Amy comments on the performance drop?
Does this system really run faster using 4 GPUs instead of 1? I would think this would run much faster on a single GPU.
If you want to know where the difference in performance comes from, do a diff on the md.log files to see if there are differences in the task assignments. If not, have a look at the timings of the different components of mdrun at the end of the log file to see what got slower.
Hm, that’s an interesting point – thanks! Let me check this before going into what is taking longer, because the workflow script probably inherited that 0123 thing from a bigger system. :)
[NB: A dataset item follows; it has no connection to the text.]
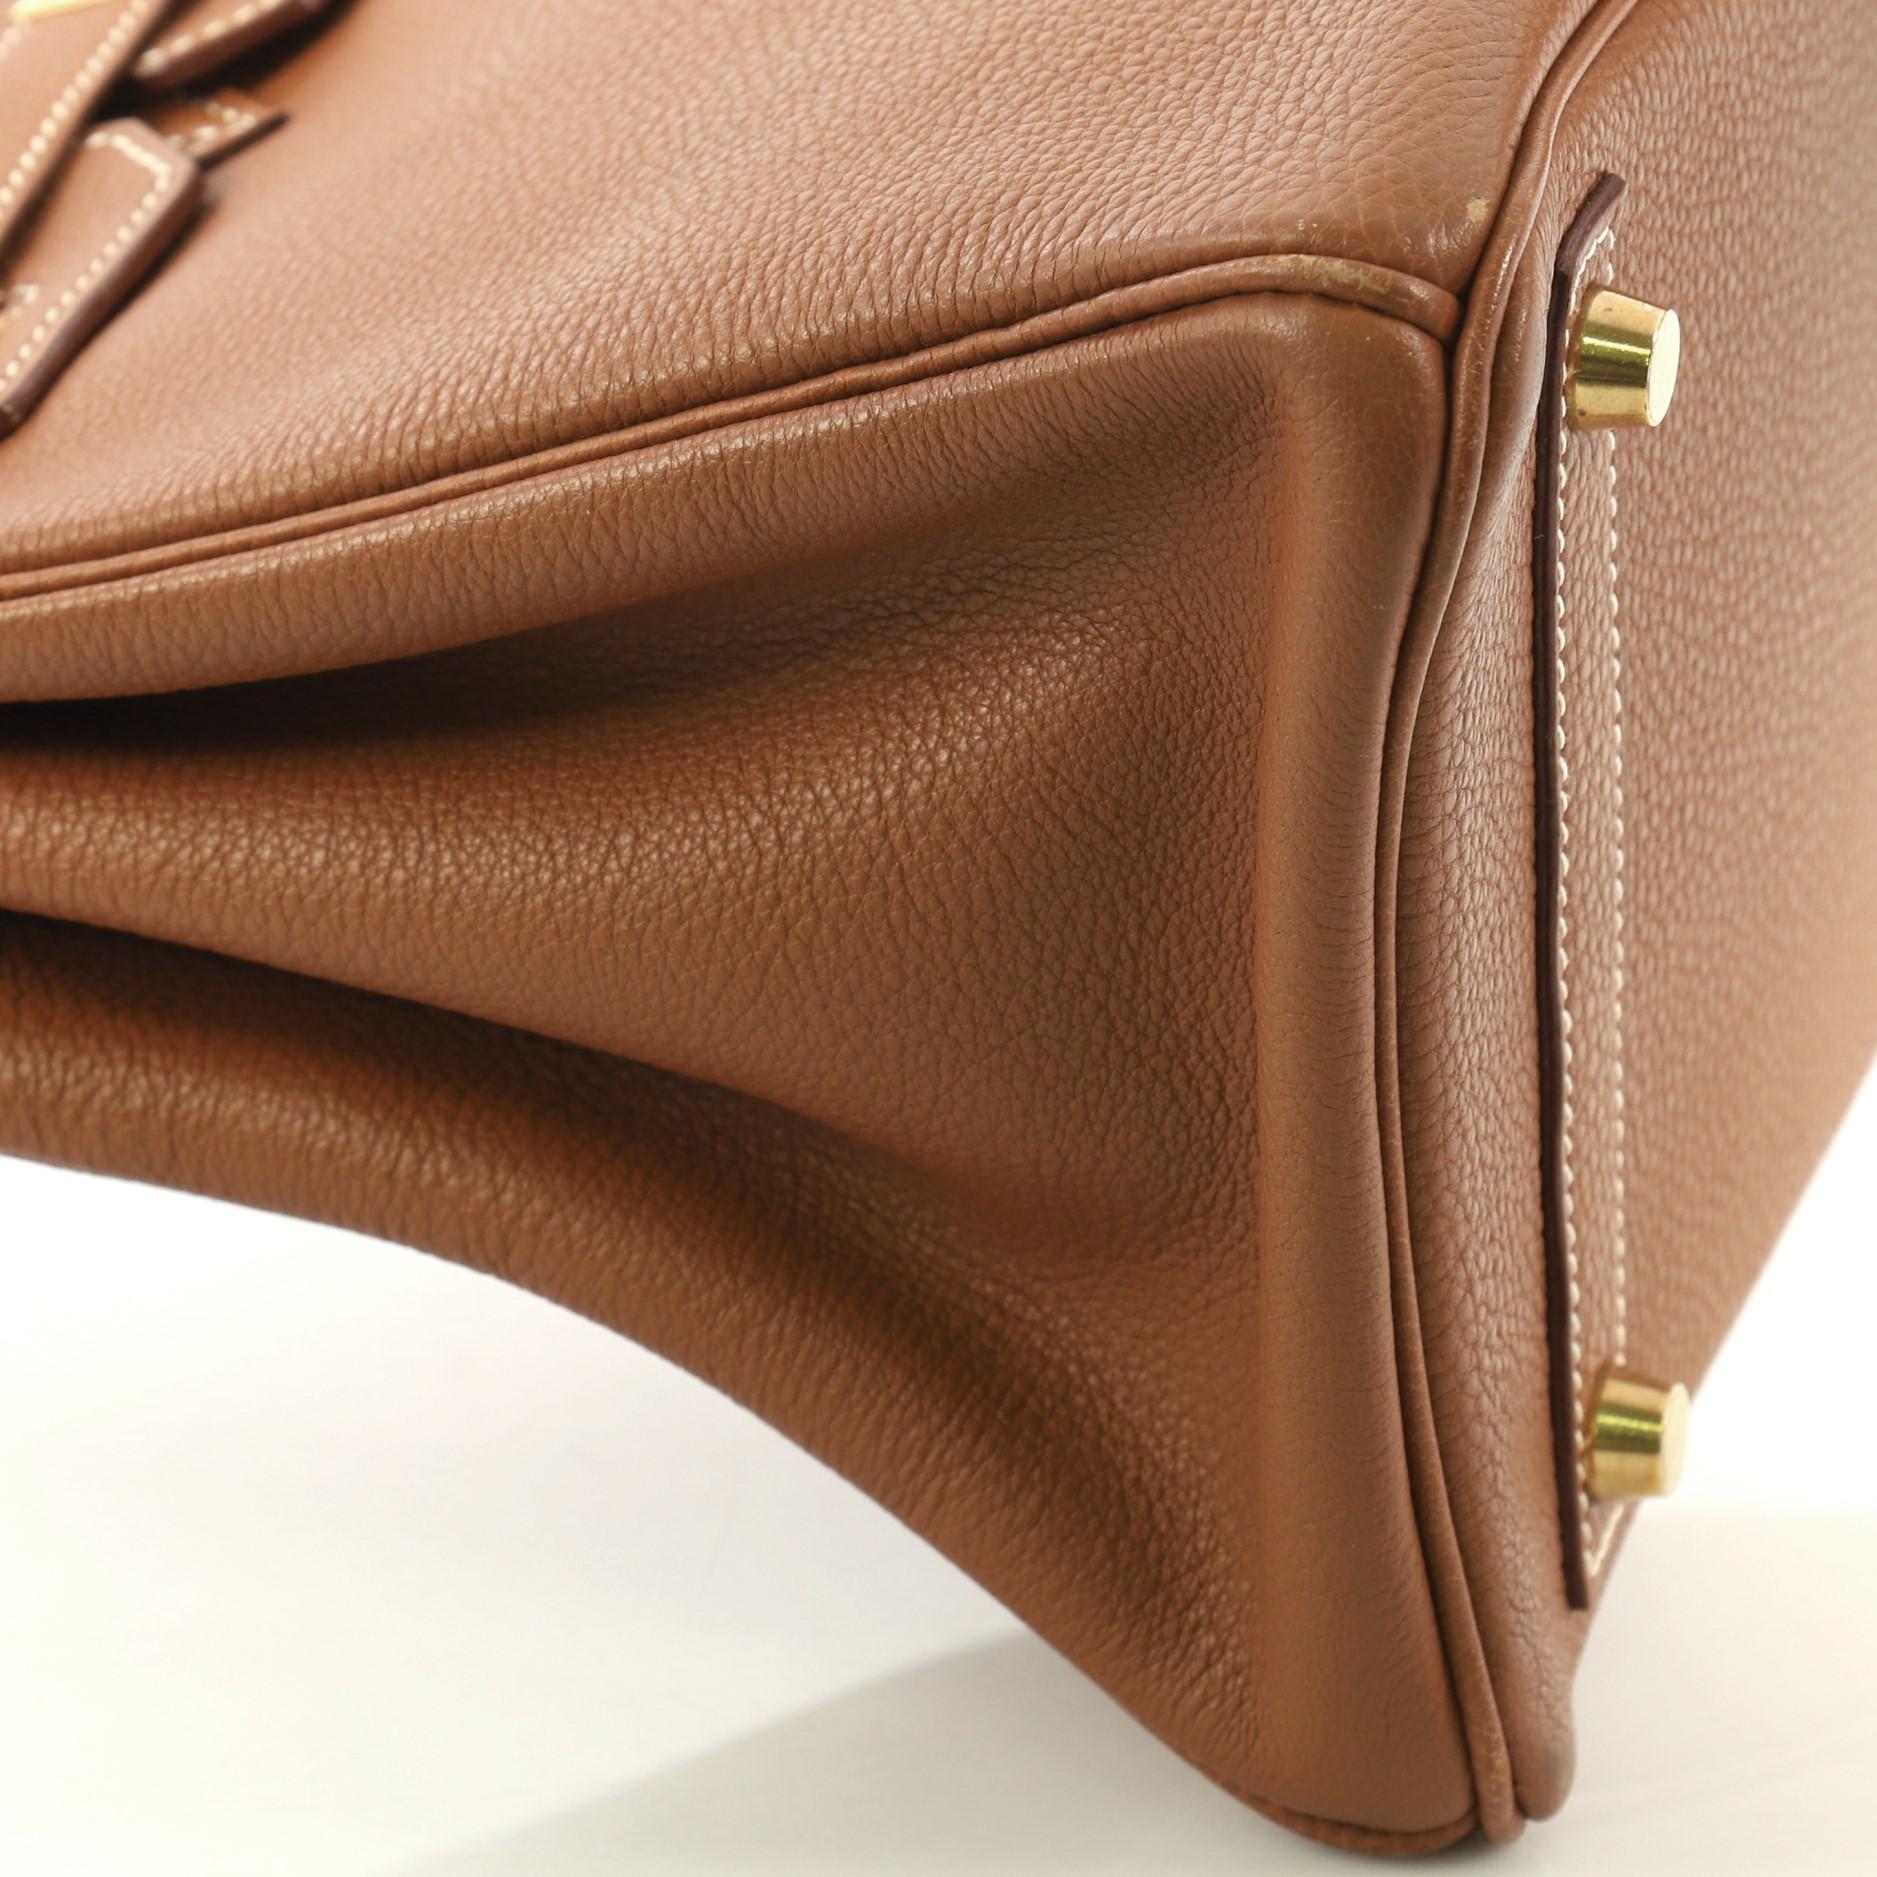 Hermes Birkin Handbag Gold Togo with Gold Hardware 30 For Sale 1

I did some testing and seems like whatever I was running had a close to optimal config for the machine I’ve got here. A slightly better result (5-6%) was achieved with 4 threads per GPU task, each on a separate GPU (i.e., -nt 16 -gputasks 0123). Running multiple GPU tasks on the same card always results in significant performance loss here.
Additional comments will be appreciated, of course.
Have you checked if the task assignment is the same?
And if not, which timings in the table at the end of the log file explain the difference?
You can also send two log files so I can have a look, although I think you can’t attach log files on this forum.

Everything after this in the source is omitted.